> What you are asked to do: Pictures stay out of the answer, but every line of the material must be restated exactly.

Top of Exercise data

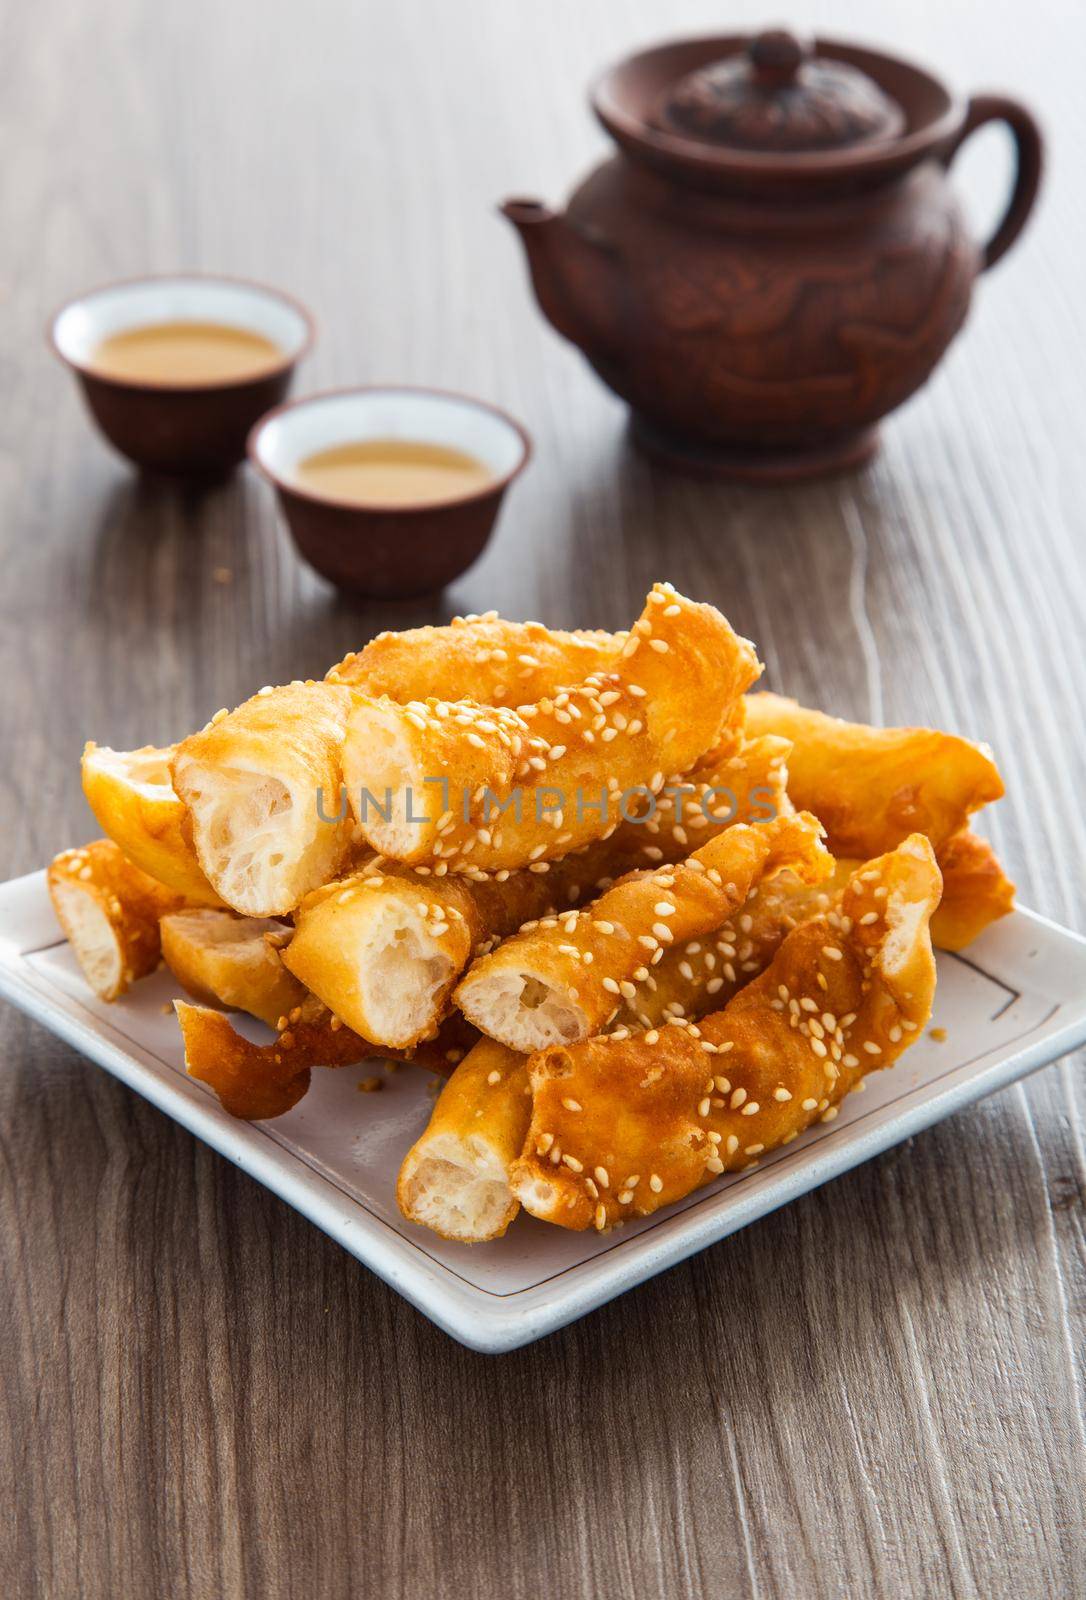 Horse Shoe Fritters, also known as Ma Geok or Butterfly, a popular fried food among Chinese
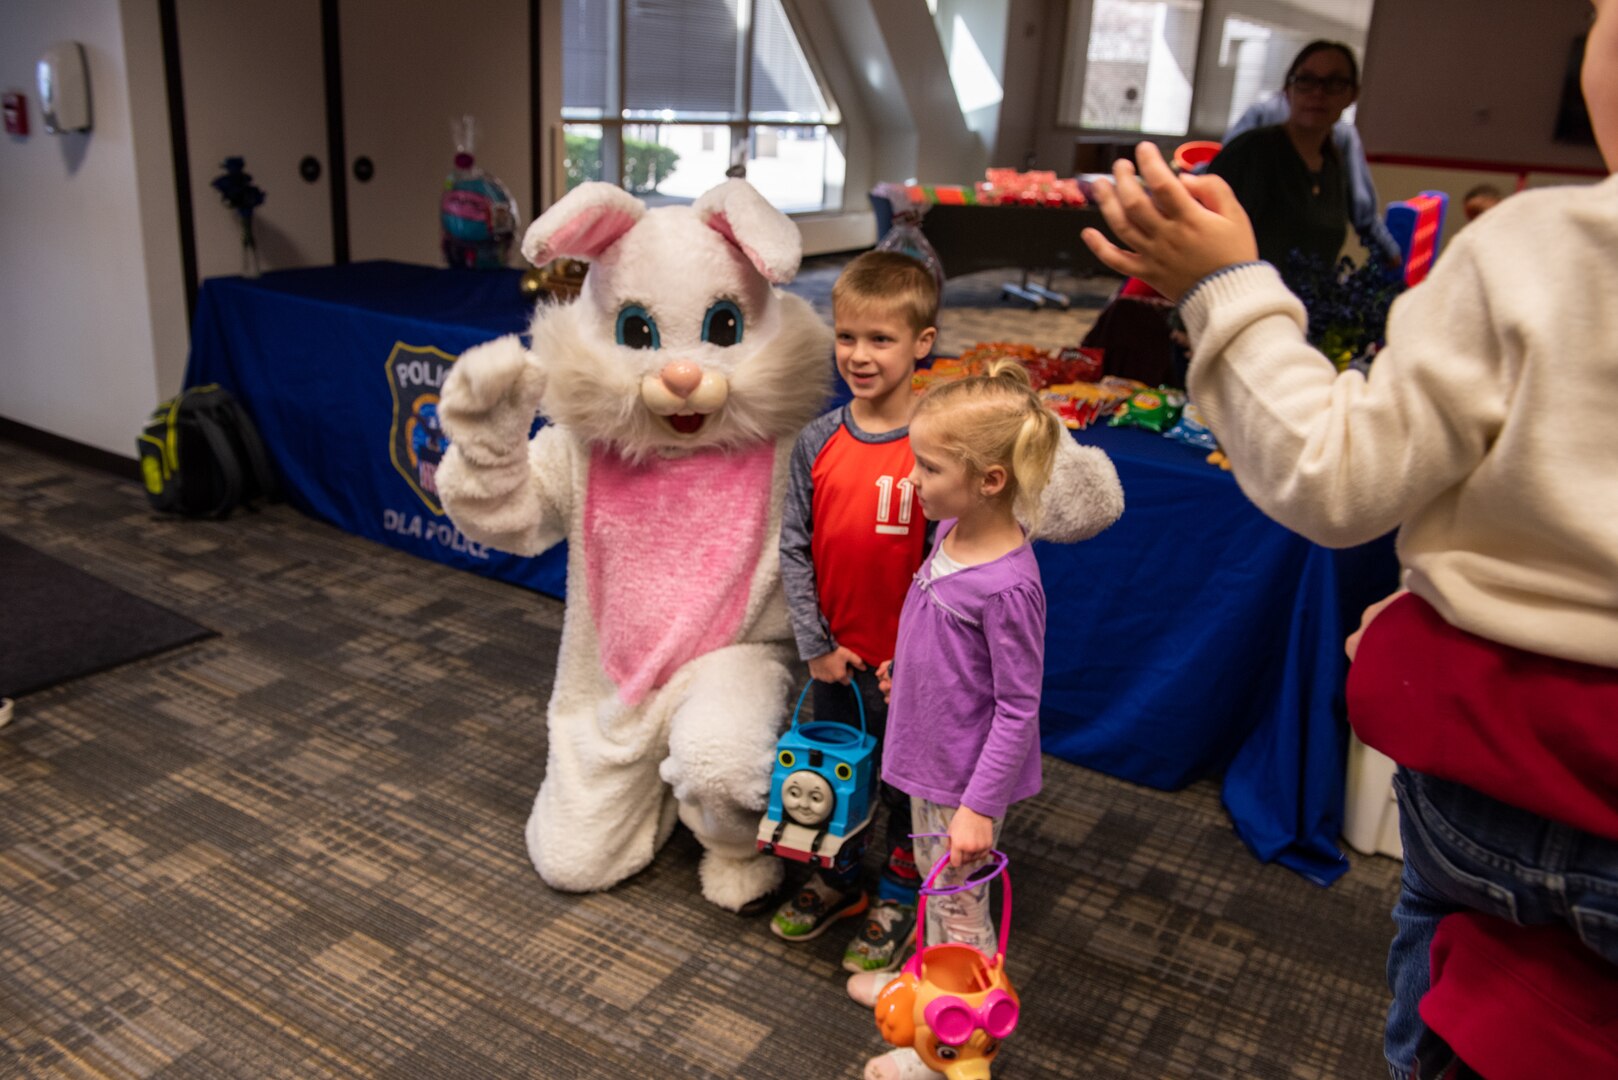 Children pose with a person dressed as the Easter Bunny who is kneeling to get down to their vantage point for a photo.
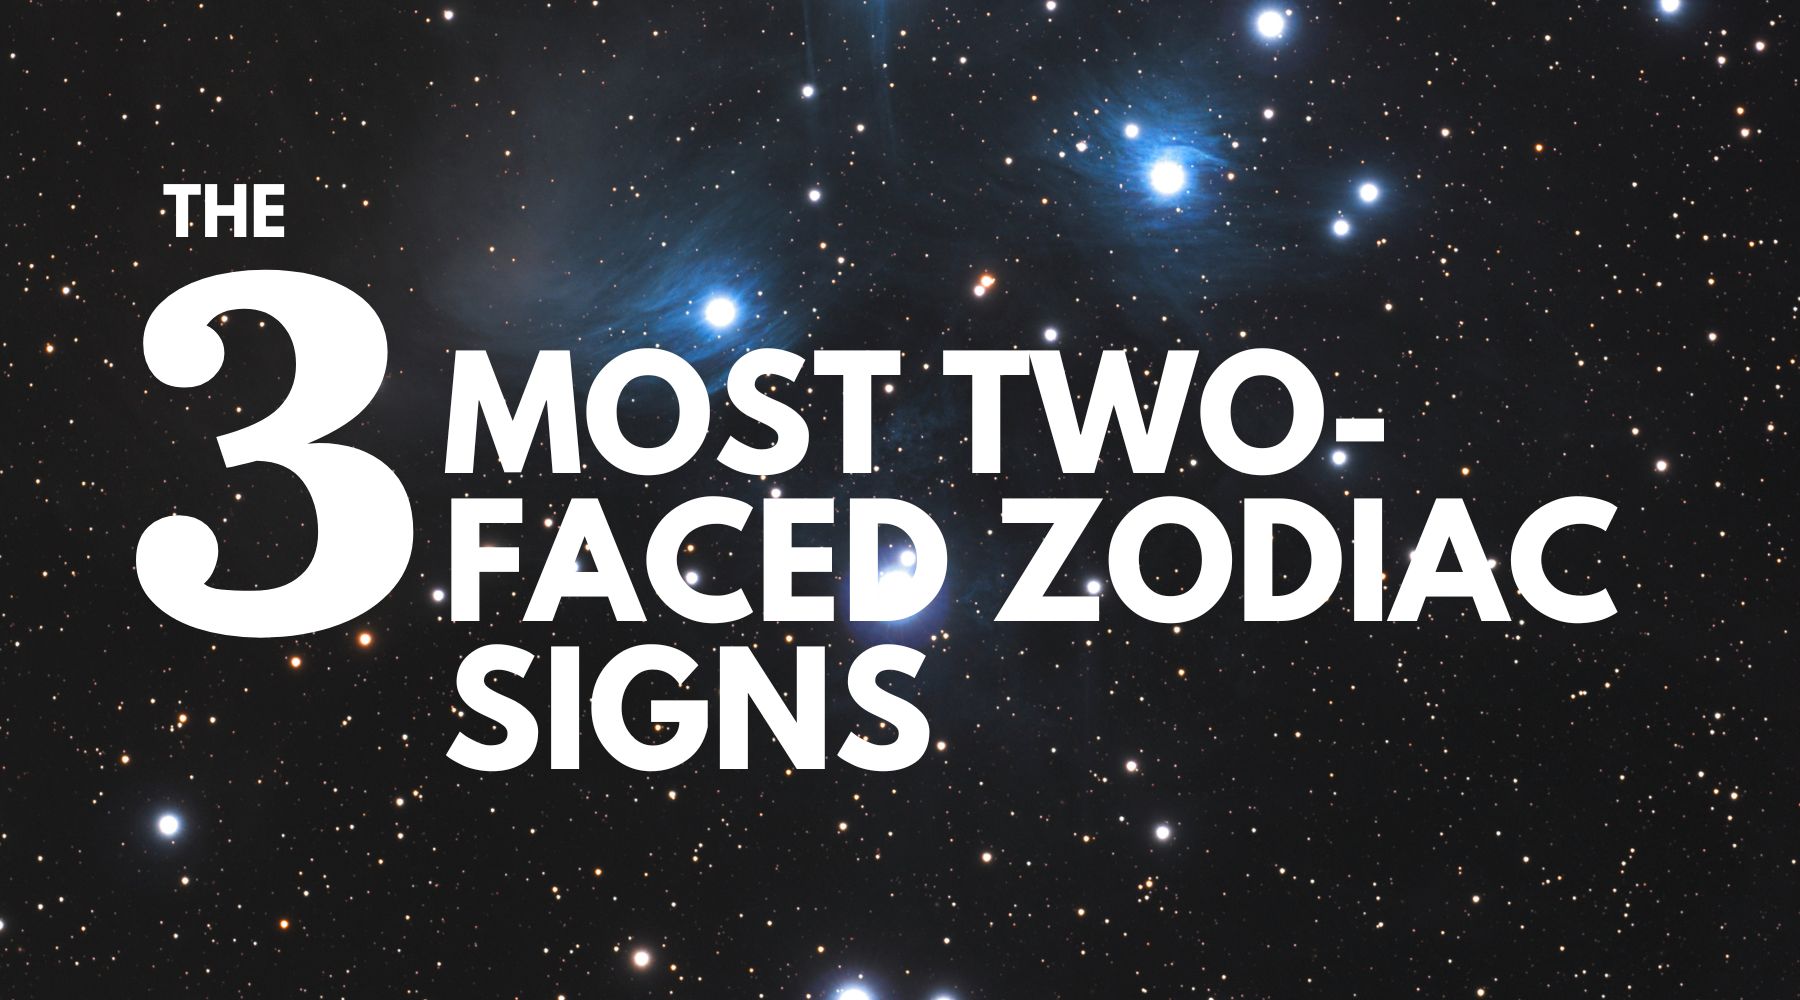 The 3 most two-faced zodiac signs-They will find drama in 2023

Bottom of Exercise data

> The completed task:
 Horse Shoe Fritters, also known as Ma Geok or Butterfly, a popular fried food among Chinese
 Children pose with a person dressed as the Easter Bunny who is kneeling to get down to their vantage point for a photo.
 The 3 most two-faced zodiac signs-They will find drama in 2023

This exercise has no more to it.